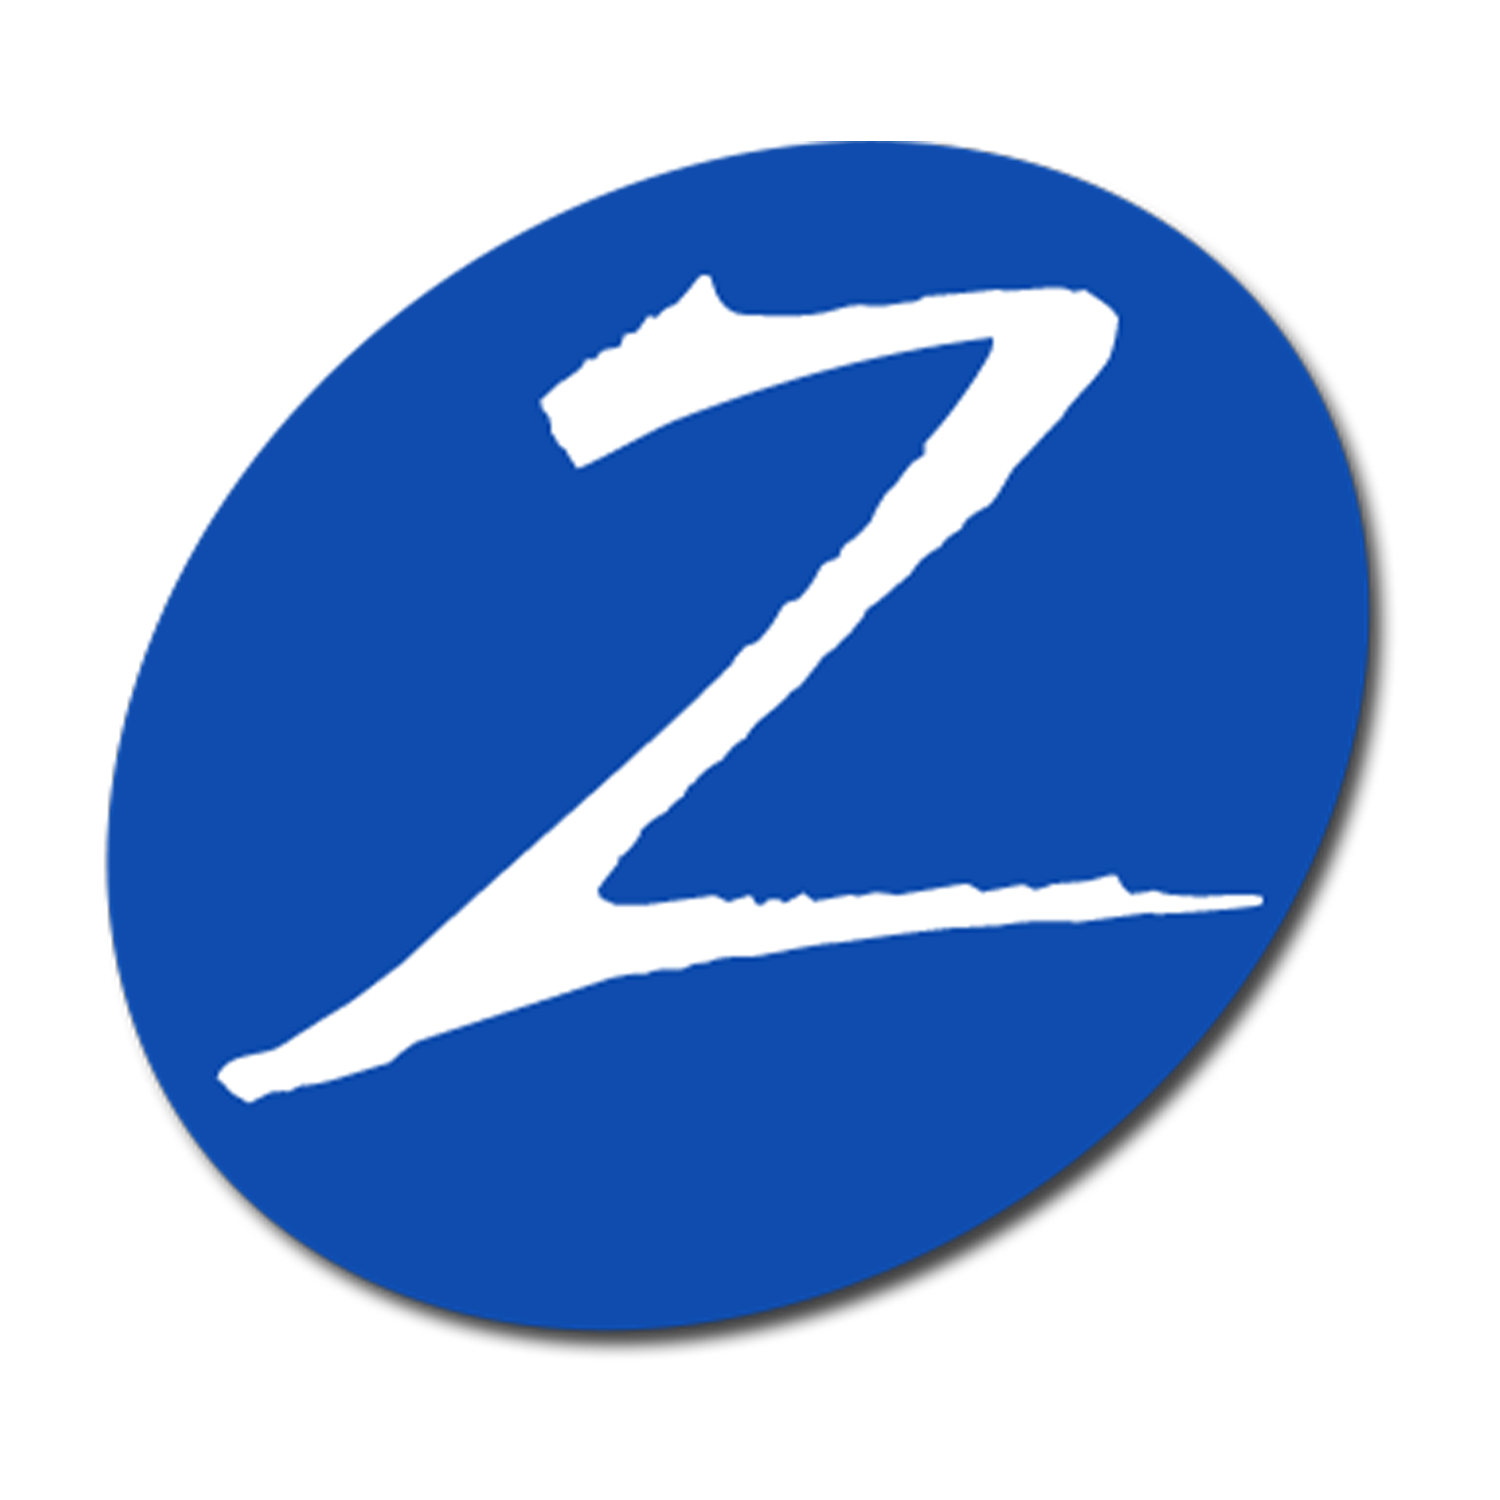 www.zetronix.com
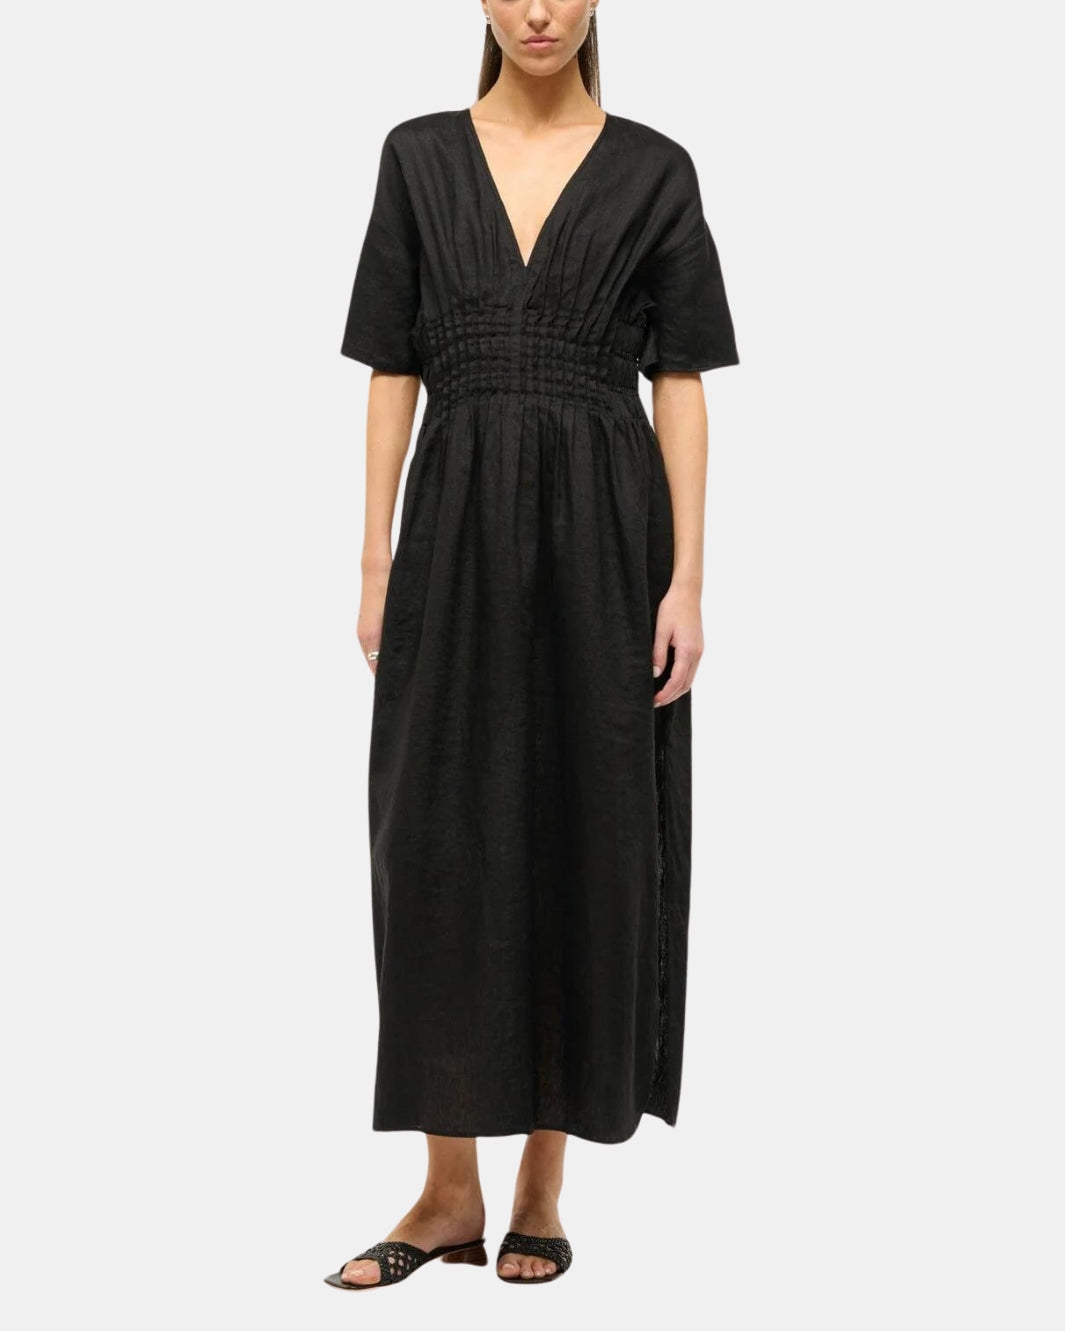 LAURETTA DRESS IN BLACK - Romi Boutique
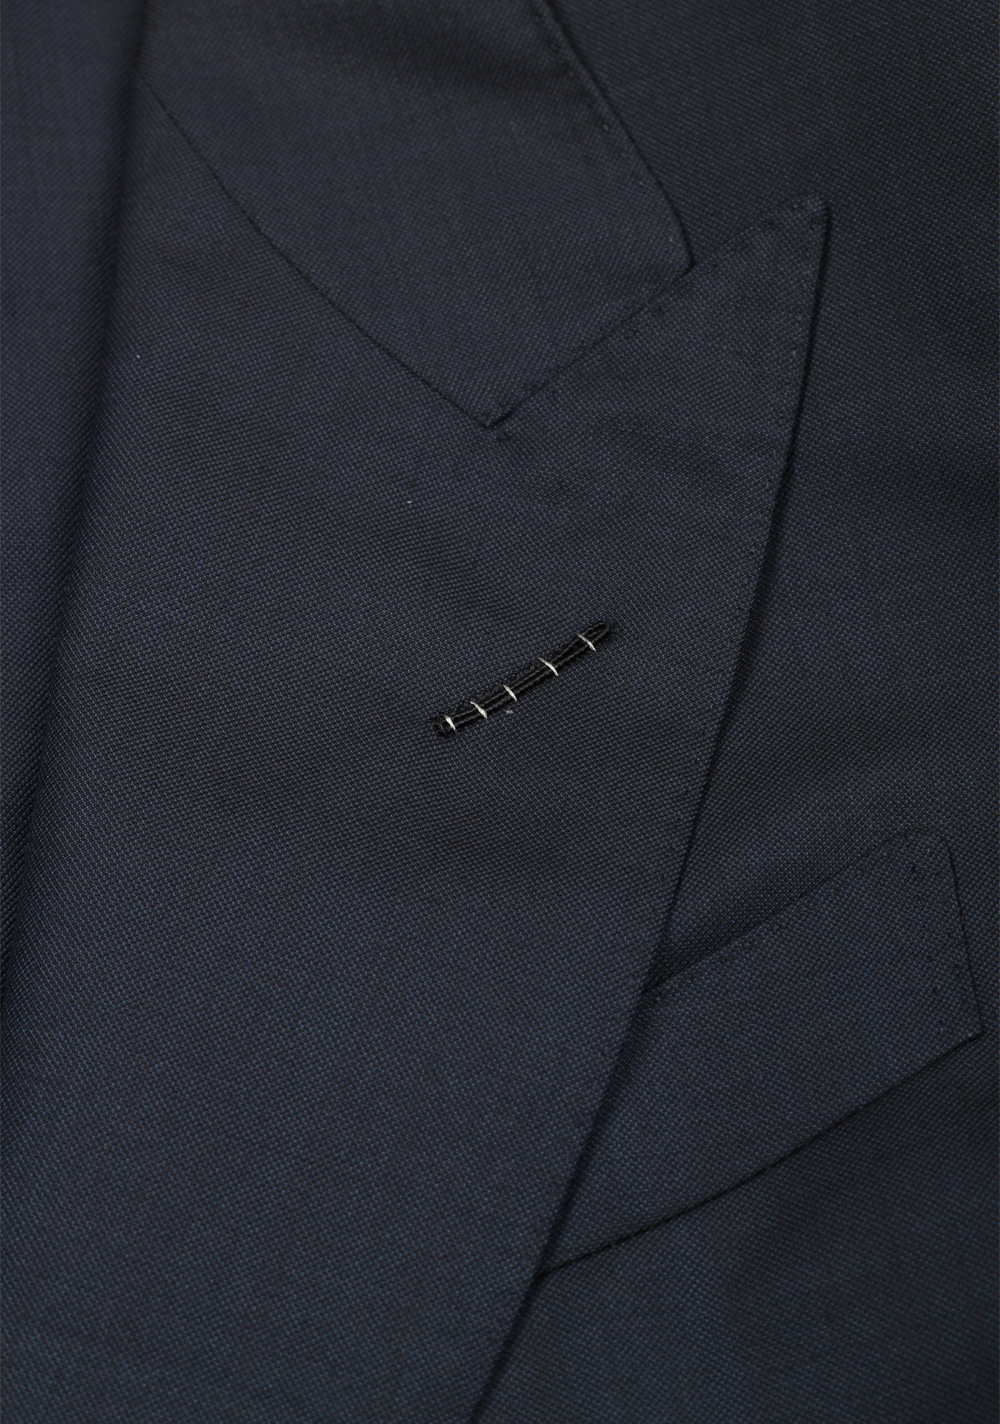 TOM FORD Shelton Blue 3 Piece Suit Size 46C / 36S U.S. | Costume Limité
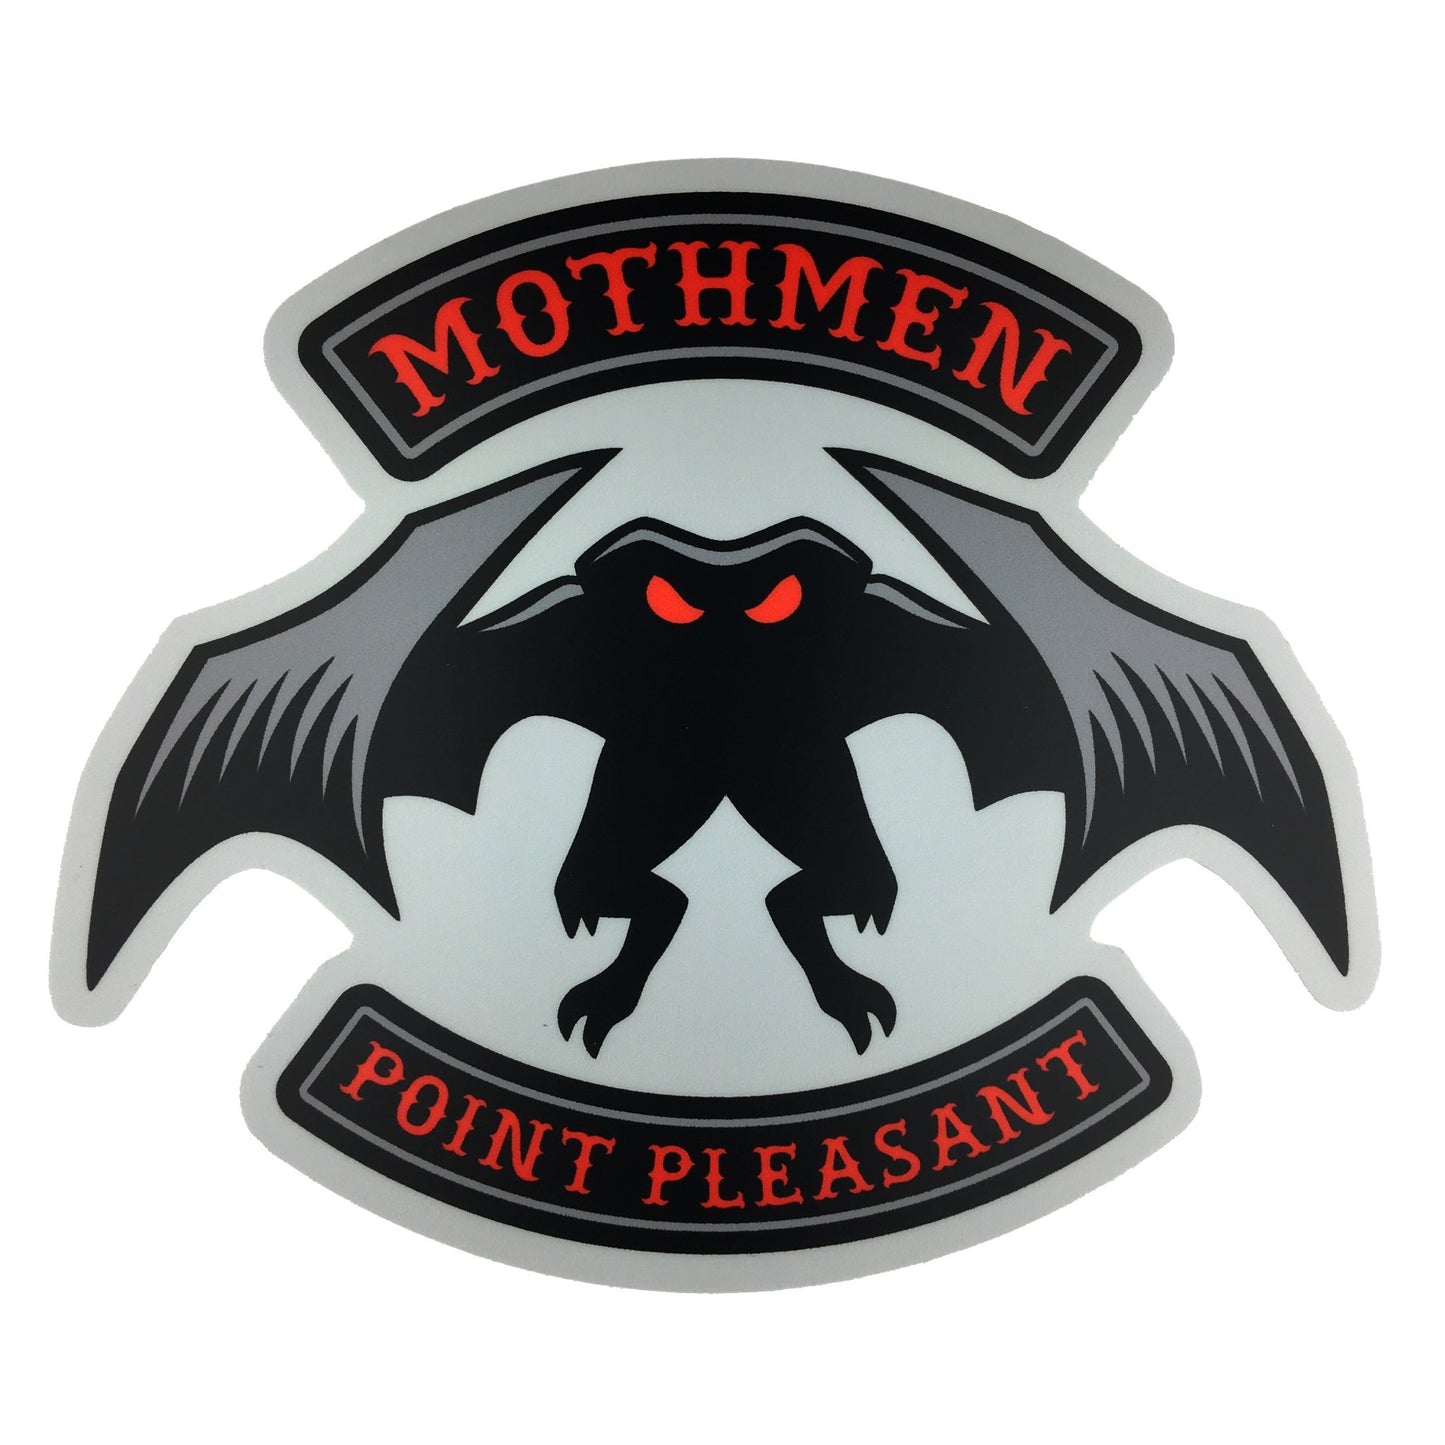 Mothmen motorcycle club biker sticker
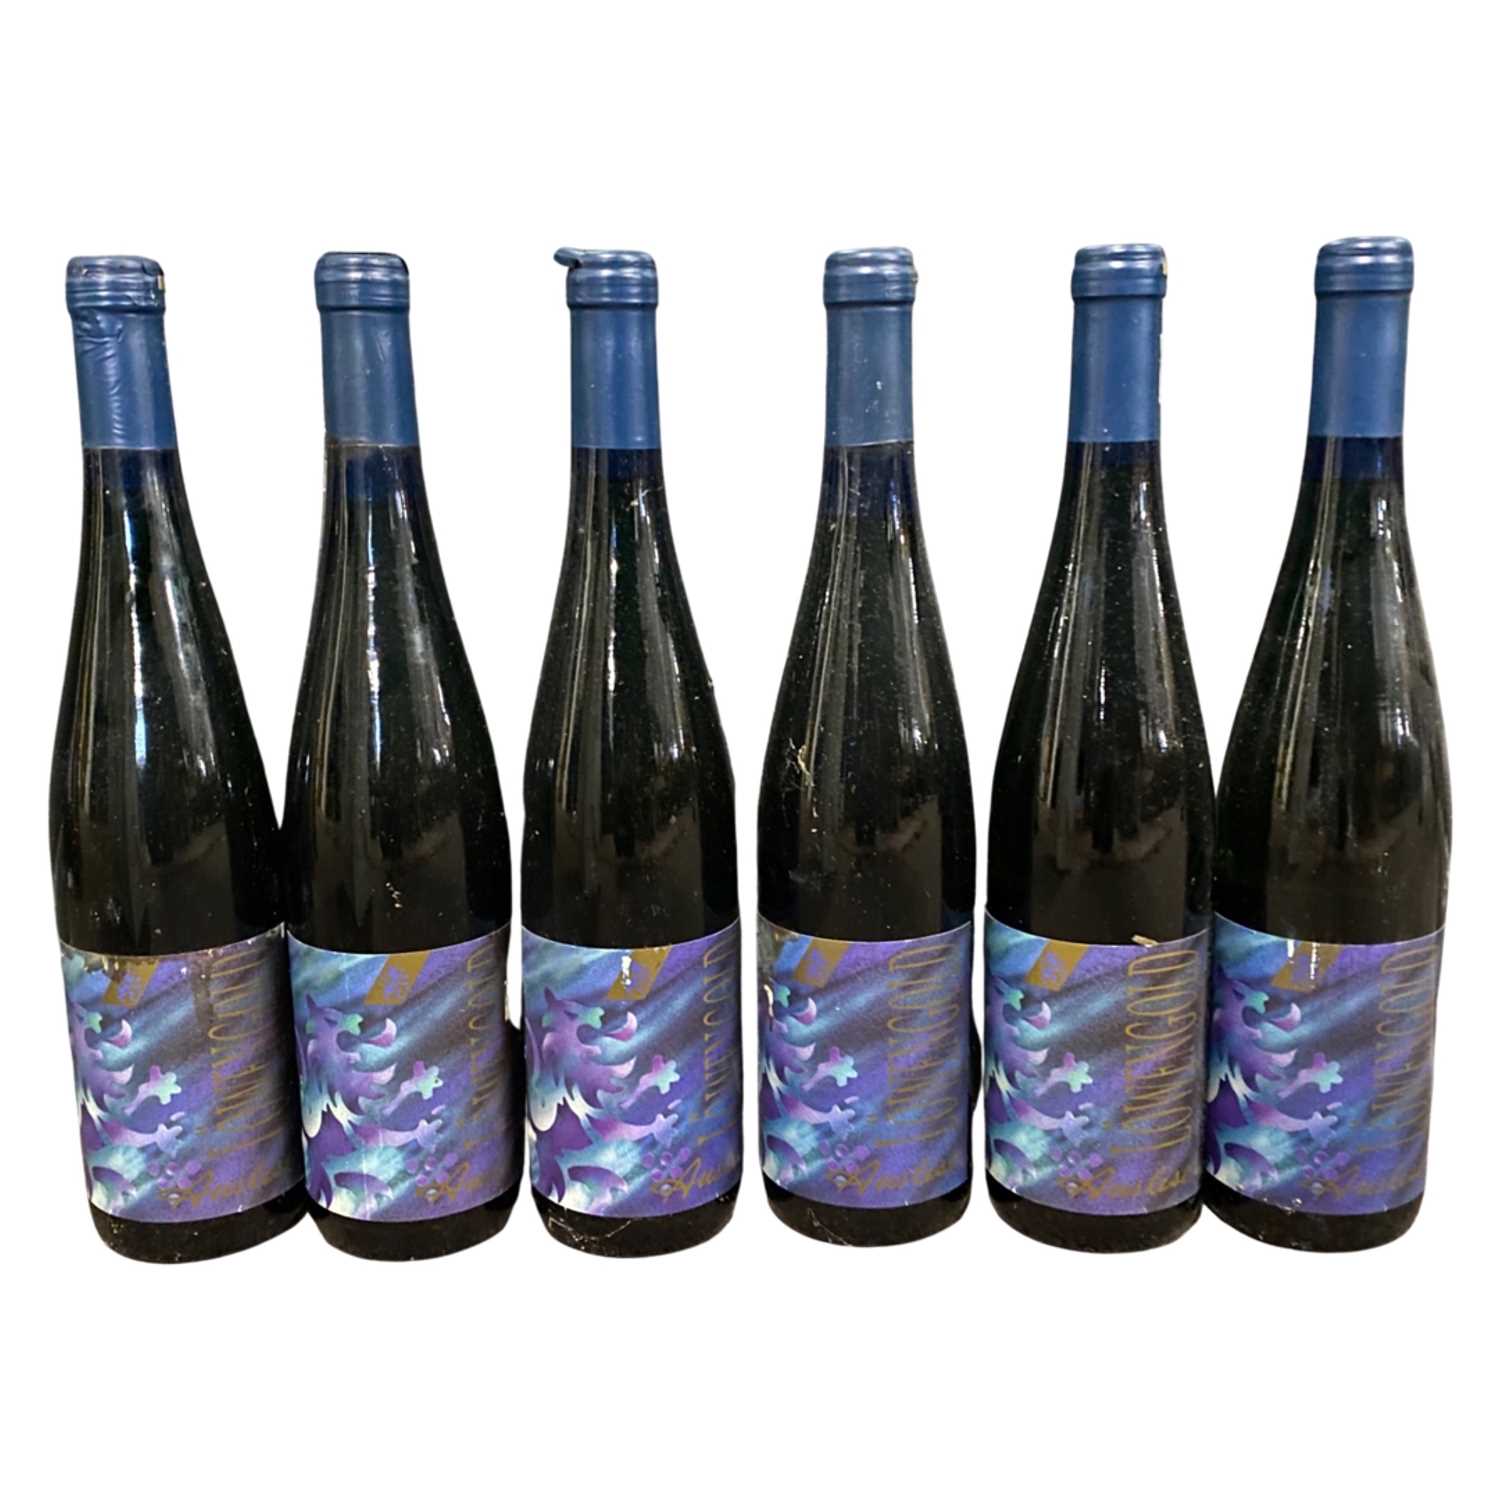 Six bottles of 1994 Löwengold Aussie

● GOAL OF THE EXERCISE:
Your answer must be the lines from the one containing "Mothmen motorcycle club biker sticker" through the last line of the records, both included, written out exactly and without pictures.

● SOLUTION TO THE PROBLEM:
 Mothmen motorcycle club biker sticker
 Six bottles of 1994 Löwengold Aussie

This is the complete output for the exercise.